Conforme já esmiuçamos aqui neste “Metrópoles”, Flamengo e Vasco brindaram a torcida candanga com muita correria e pouca bola. O empate em 1 x 1 foi um castigo para as intenções flamengas, um tanto mais preocupadas com a tabela do Campeonato Carioca do que o Vasco, invicto e tranquilão, seguindo na maciota.
O que se pôde ver ali das arquibancadas do Mané Garrincha, que escapava às transmissões televisivas do gatonet, era o panorama geopolítico da peleja, a cartografia do jogo de bola. Percebia-se claramente que o time de Muricy Ramalho estava diluído pelo gramado, uma atitude frouxa evidenciada pelos amplos espaços vazios deixados entre cada jogador vestido de vermelho e preto. Enquanto a equipe de Jorginho estava bem mais coesa e compactada, movendo-se em blocos, como pede o protocolo do futebol moderno.

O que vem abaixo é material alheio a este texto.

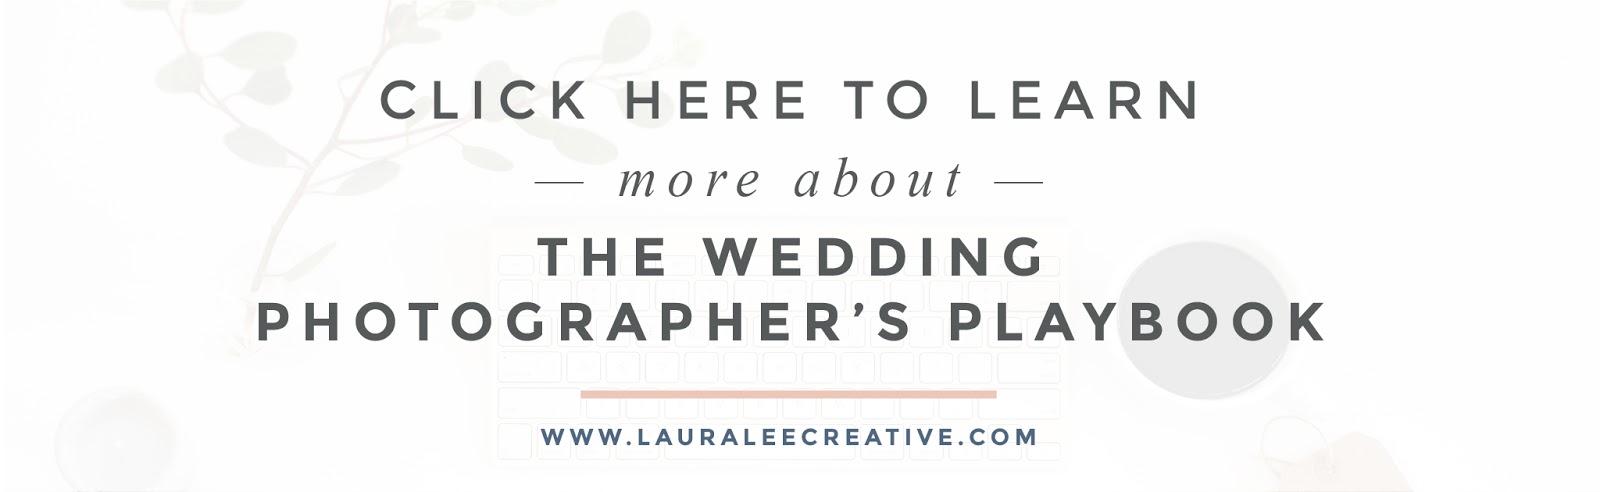 Wedding Photographer's Playbook

Coitado do Paolo Guerrero. O atacante peruano já tinha passado o dia inteiro tentando cumprir a distância aérea entre Montevidéu e Brasília a tempo de chegar para o clássico. E quando entrou em campo, ele viu os companheiros o deixarem a deriva, perdido entre os beques vascaínos, sem conseguirem dele se aproximar com a eficácia e a frequência esperadas.
Esse desenho tático ficou evidente em meados do segundo tempo. Foi quando o Vasco melhor afinou sua última linha de defesa e foi lentamente subindo com ela em direção ao grande círculo, fechando os espaços para um Flamengo que já estava cansado das pernas. Quando a bola caía sob domínio do Fla, os jogadores simplesmente não tinham para onde prosperar, a linha vascaína avançando para cima deles enquanto os próprios companheiros se deixavam permanecer parados, em vez de se mexer para abrir espaços e dar opções de jogadas.
Muricy Ramalho terá trabalho para quebrar essa atitude. Seu time alterna momentos de ímpeto ofensivo, com escaladas um tanto afobadas ao ataque, e largos momentos de modorra e aparente cansaço tático, técnico, existencial. Já o Vasco parece estar bem tranquilinho com Jorginho. O time já vem jogando junto desde o ano passado e atualmente sobra entre seus pares no Rio de Janeiro, o que não quer dizer muito, convenhamos. Mas o Vasco, esta temporada, pode arriscar a sorte grande na Copa do Brasil enquanto leva o Campeonato Brasileiro da Segunda Divisão sem sobressaltos.